Galaxy made detailed predictions too—Bitcoin to $185,000, Ethereum over $5,500, Dogecoin at $1—but none of those price points landed. However, they nailed one big trend: public crypto miners investing heavily in AI and high-performance computing. Major players like MARA Holdings and Riot Platforms pivoted to AI infrastructure throughout the year.

Standard Chartered stuck with its long-standing prediction of Bitcoin reaching $200,000 by the end of 2025. While Bitcoin did break a new all-time high in October at $126,000, it never got close to that number again after macroeconomic pressures hit the market hard.

Two well-known individuals—Arthur Hayes from BitMEX and Tom Lee from Fundstrat—both predicted Bitcoin would hit between $200K–$250K and Ethereum would reach $10K. They were right about macro trends pushing crypto prices up but wrong about how far and how long the rally could last.

One of the most accurate calls of 2025 came from Gemini. In January, they predicted that the U.S. government would start building a strategic Bitcoin reserve. That became reality in March when President Trump signed an executive order using seized BTC and authorizing more purchases.

Gemini also correctly foresaw Congress passing stablecoin laws. The GENIUS Act passed in July, setting clear rules for dollar-backed stablecoins while banning algorithmic ones.
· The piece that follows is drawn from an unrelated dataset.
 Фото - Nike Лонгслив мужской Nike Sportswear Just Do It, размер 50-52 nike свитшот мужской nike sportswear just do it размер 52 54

Additionally, Gemini expected ETFs beyond Bitcoin and Ethereum—including Solana and XRP—to be approved. Both launched spot ETFs later in the year, reshaping the trading landscape.
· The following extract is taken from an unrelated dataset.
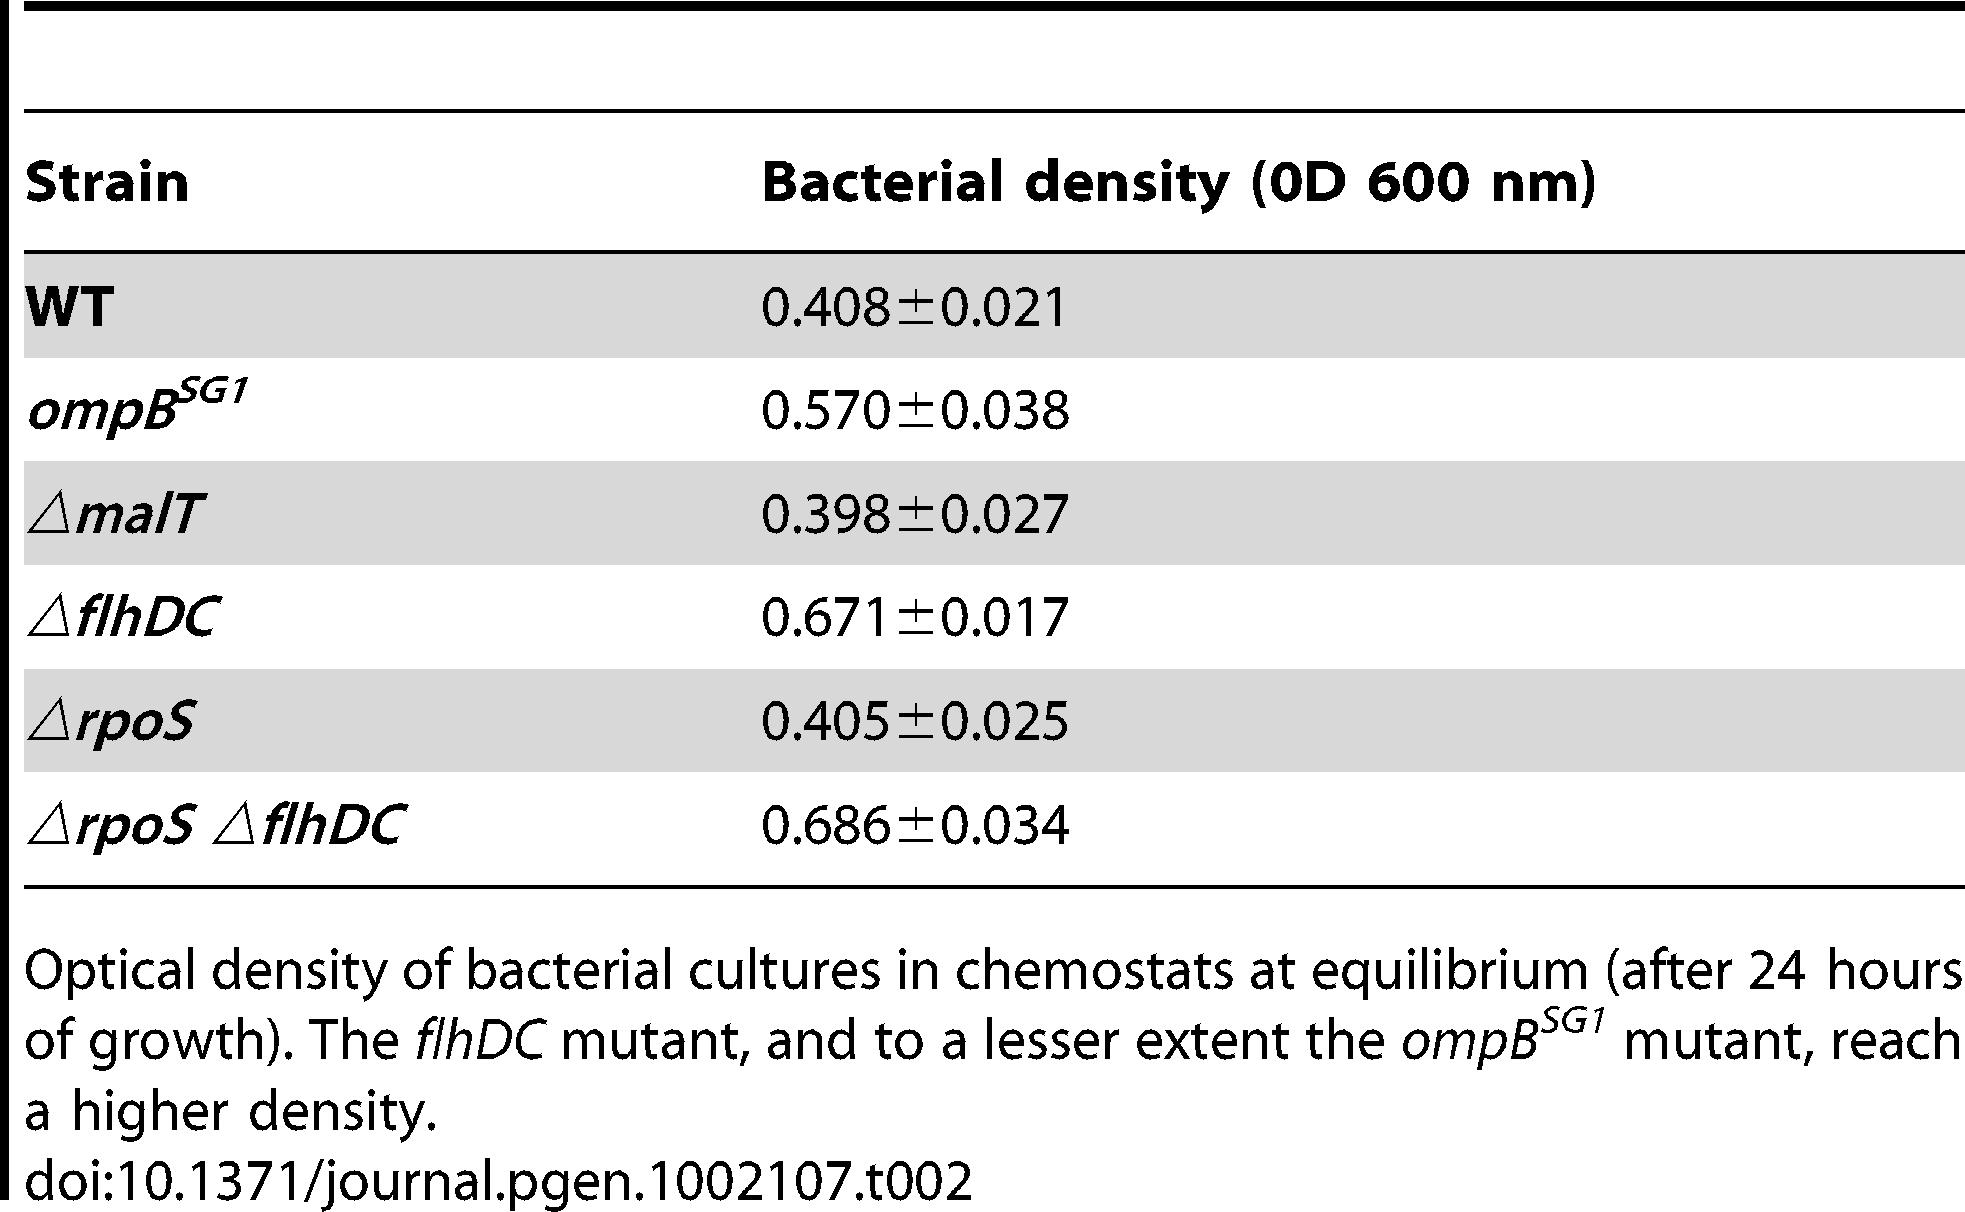 Bacterial density in chemostats.

Coinbase didn’t try to predict prices but focused on big-picture trends like crypto-friendly regulation, growing use of stablecoins for payments, and a DeFi revival. They were right across the board. Congress turned more crypto-friendly, companies like Visa and Stripe started using USDC for payments, and DeFi TVL returned to its highest levels since 2021.

Delphi Digital echoed similar themes. They said 2025 would be a breakthrough year for consumer-focused DeFi products like on-chain cards and tokenized stocks—and it was. Apps like Robinhood began offering these features, bringing crypto into everyday financial tools.

In summary: price predictions mostly failed, but structural trends came true. The real winners were the firms that focused on how the crypto market would evolve—not how high prices would go.

What worked in 2025? Not flashy price targets like “$200K Bitcoin.” Instead, it was accurate forecasts about stablecoin regulation, ETF expansion beyond BTC and ETH, and improvements in DeFi user experience.

Heading into 2026, the lesson is clear: don’t chase hype. Follow the infrastructure changes, regulatory shifts, and adoption trends—that’s where real opportunity lies in crypto.